For the last few years, fixed income markets have garnered more attention than in the past few decades. Seems odd for a boring asset class mostly regarded as an income generator with a low risk profile. The attention is likely due to the abnormal performance created by the unprecedented 2022 Federal Reserve rate hikes which produced historical bond declines. 2022 was akin to a biblical flood. Due to the extremely unique set of circumstances, we will take this period with a grain of salt.

Investors are often biasedly backward looking. Investors tend to succumb to recency bias, the psychological tendency to overweight recent happenings over the full historic dataset.
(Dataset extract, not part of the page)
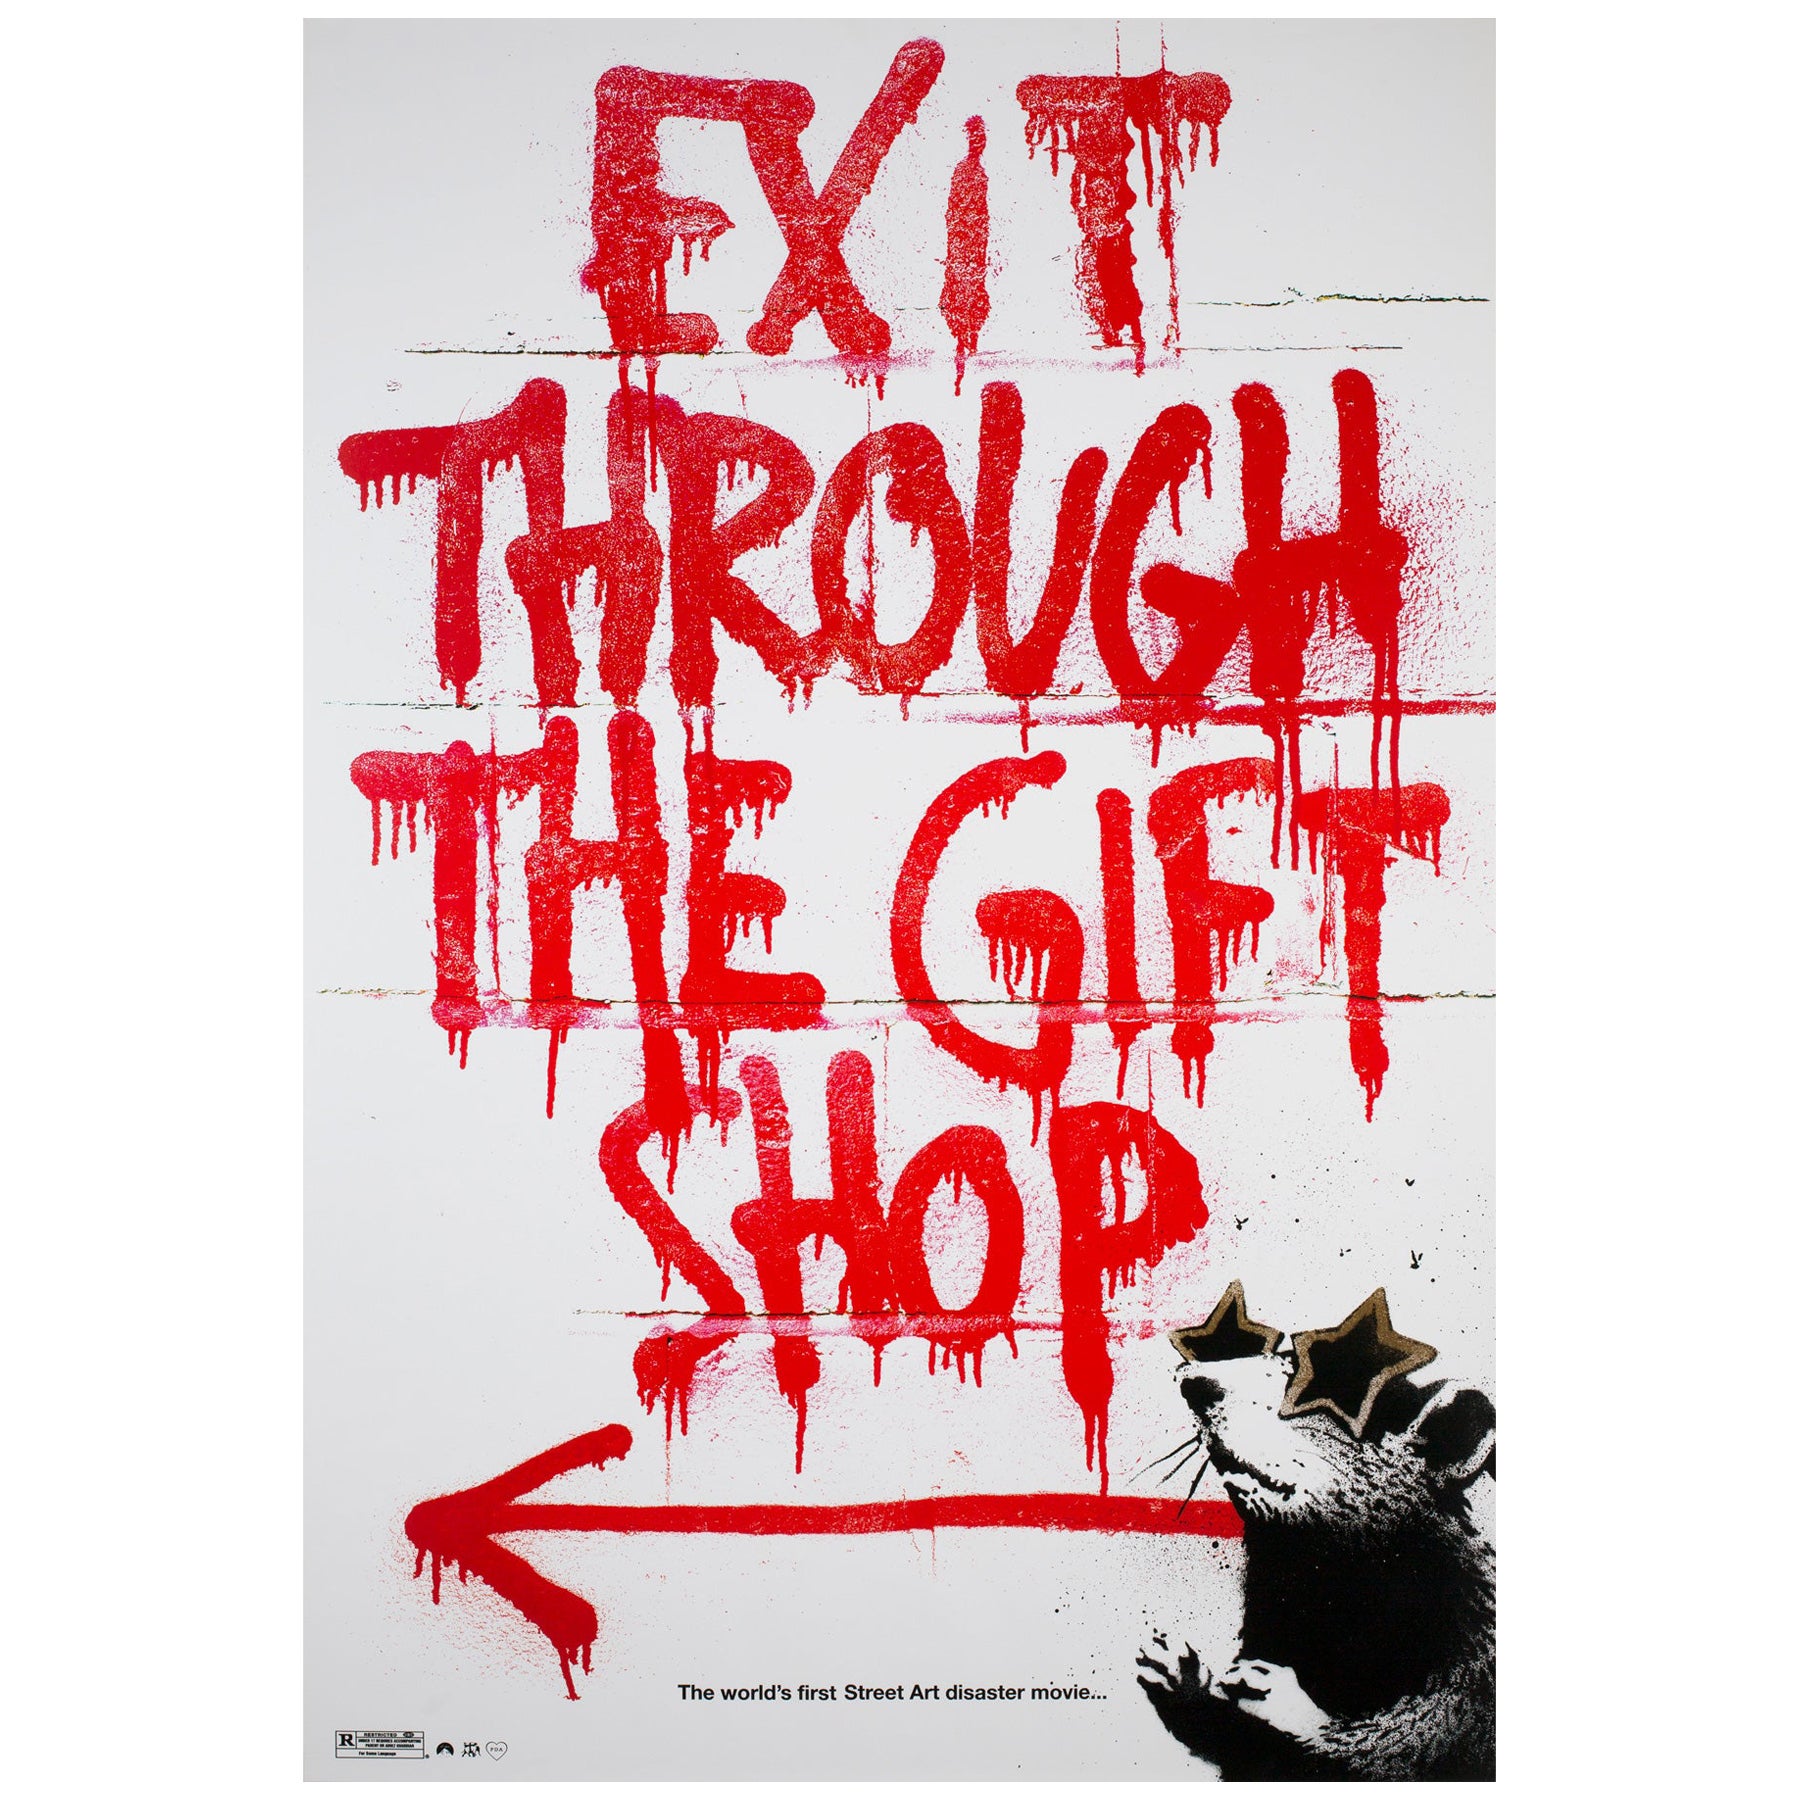 'Exit Through The Gift Shop' 2010 US 1 Sheet Film Poster, Banksy For Sale

All of us need to remain on guard for our own prejudice clouding our judgment.
When we analyze longer time horizons, attempting to circumvent our recency bias, we find that starting bond yields have a high predictive power over subsequent returns. A bond’s Yield-to-Maturity (YTM) is the income the bond is expected to generate if held to maturity. A bond’s yield is also the bond’s primary return component. So, it should not come as a surprise that yields portend subsequent total returns. Reviewing a basket of bonds, i.e., an index, offers insight into the bond market as an asset class.
At the end of May 2025, the main bond index, the Bloomberg US Aggregate Bond index, was yielding about 4.71%1. Once we account for possible bond market changes, weighing possible scenarios, and reviewing historical statistical patterns, we can develop the above forward-looking total return outlook. Yes, this is geeky bond math that most find very boring… understandably.
How does this affect you? Bonds are used within a portfolio as either an income generator and/or a risk mitigation device. If you are looking for income, do annualized returns of 5.25% tickle your fancy? I think most would say yes. If used as a risk mitigation device, bonds now exhibit shock absorption not seen since early 2009… 16 years ago.
Bonds may have acquired a lot of attention lately, but likely for the wrong biblical flood reasons. Admittedly, 2022 hurt 3- and 5-year forepassed returns. That’s water under the bridge. Attention should be focused on the future. Going forward, we have not seen bond opportunities like this in a long time.